His girlfriend Sabine is far less interesting. She drives an anchor-grey Volkswagen van that I call das Autobus and it doesn’t make her laugh. She cooked for us on the first day. She says she always makes tabouleh when she has guests in Germany, but today she made a parmigiana with eggs she brought from Baden-Württenberg. She says she went back there for a garden emergency. She is a working florist. Most tables in the mas are covered of small bowls half filled with pink roses floating on top.

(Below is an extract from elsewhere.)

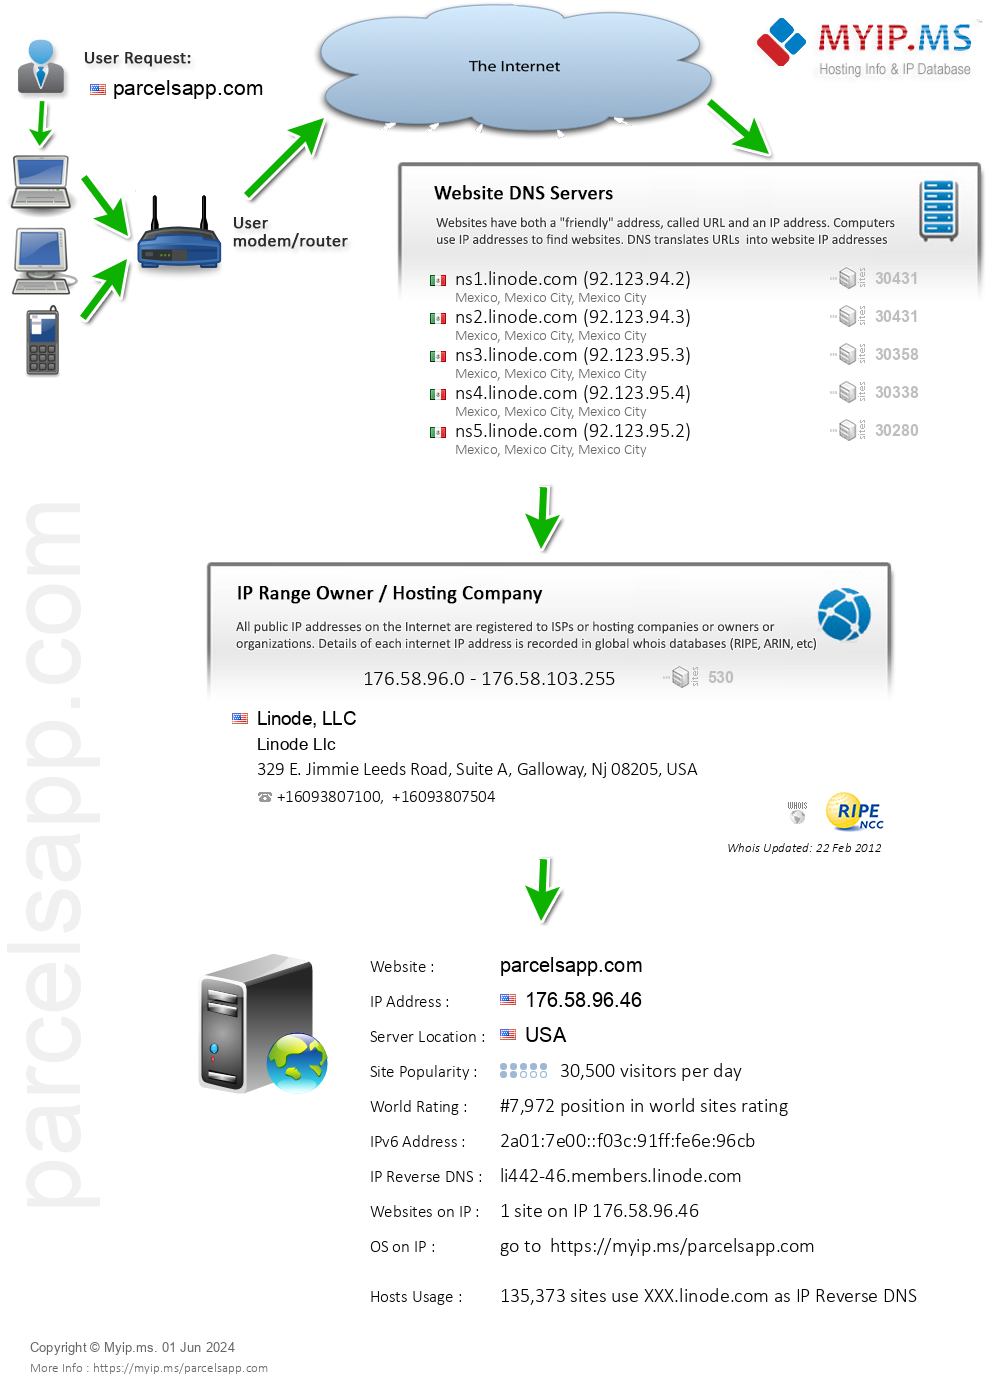 Parcelsapp.com - Website Hosting Visual IP Diagram

She often wears long tie and dye black dresses that simultaneously hide and flatter her undeniable breast implants. She has bleached ashy blond hair that manages to be sensual when she puts it up in a « messy bun ». She is a thorough cleaner, and sometimes hands Dieter a rake to gather leaves in the garden.

I ask if they ever go to Marseille and Dieter promptly replies that he doesn’t really like Marseille, because of all the cloaked Arabs and their barbaric methods. He says once he was in the center, probably rue d’Aubagne, and he saw something that frightened him away from Marseille. There was all these Araber in their long cloaks threateningly standing in front of ten headless chickens.